Special to The St. Petersburg Times

The State Hermitage Museum premiered its major blockbuster of this season, “Alexander the Great: The Road to the Orient,” on Tuesday.

About 500 exhibits — paintings, prints, sculpture and applied art objects — from all the museum’s departments, showcases the ancient hero’s legendary campaign to Asia which resulted in an empire that spanned from the Balkans to India.

In many respects, this campaign, sometimes taken as the first example of cultural globalization, became paradigmatic for relations between East and West, whether it was during the wars of thousands years ago or the recent war in Iraq, when democratic values and personal freedom were delivered by the sword.

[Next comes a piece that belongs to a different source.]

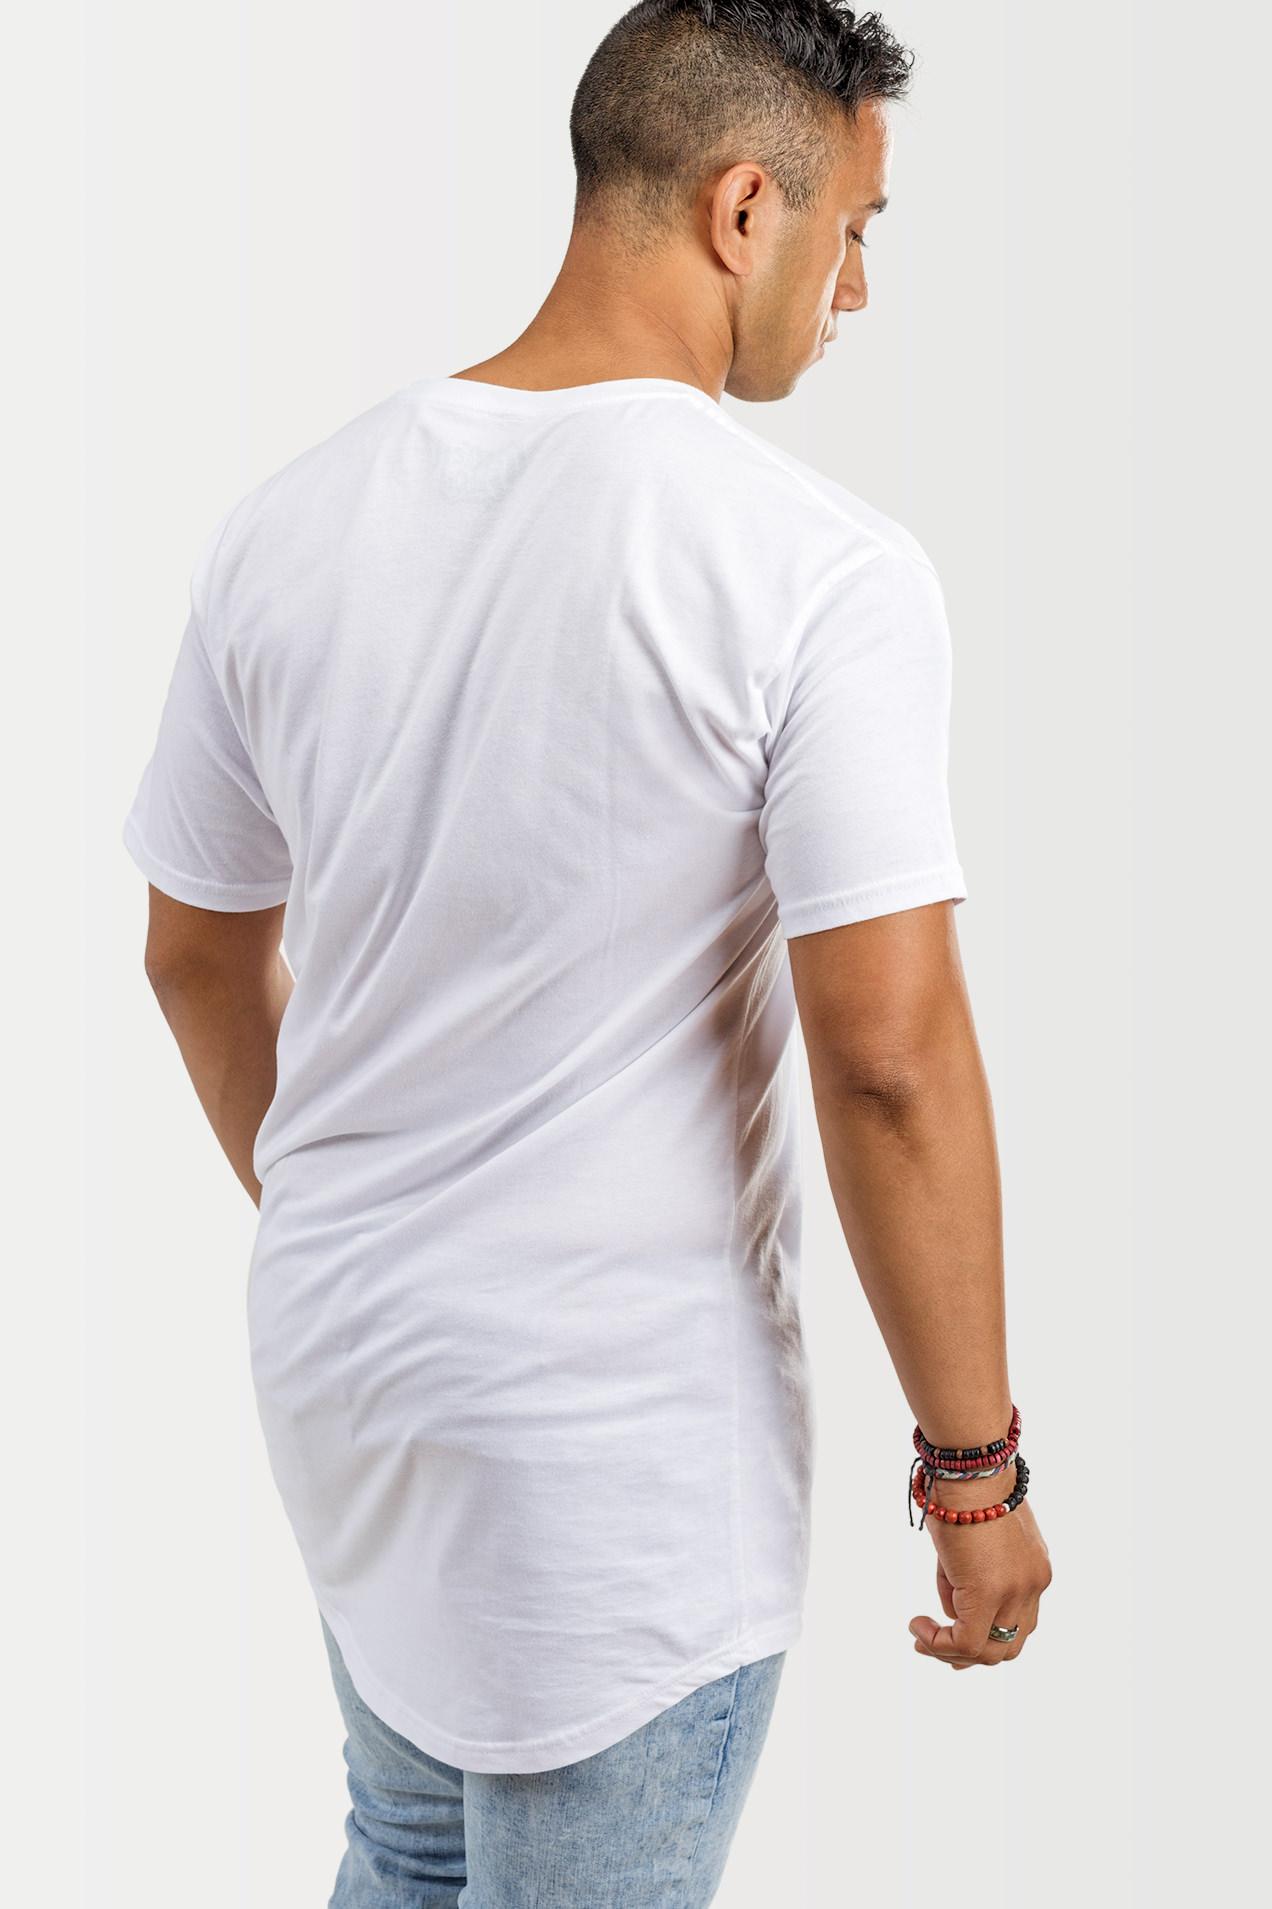 baa33d1ce46 Zouk X Long - Men s T-shirt - Motion Envy

The restless personal biography of the Macedonian king Alexander III, (356 BC–323 BC) has become an integral part of the grand sweep of ancient history. Aged 20, Alexander took the Macedonian throne, by 26 had conquered the world (at least as the Greeks knew it), had prententions toward being a god, but died of a fever at the age of 33.

Aristotle was his tutor for some years and it was he who introduced the blond teenager to the work of Homer, the poet whose writings fascinated Alexander; in general, the Trojan War hero Achilles is mentioned as his forebear. Alexander inherited a superb army from his father, King Philip. Abrilliantly coordinated fighting machine, using cutting-edge engineering devices and managed by Alexander’s tactical genius, the army reduced to nothing larger, better, equipped enemies, bringing the young king only victories. The ambitious military genius made sure that his heroic deeds were recorded; dozens works about him were written by his contemporaries, but the main biographies appeared only centuries later, including those by Plutarch and Curtius among others.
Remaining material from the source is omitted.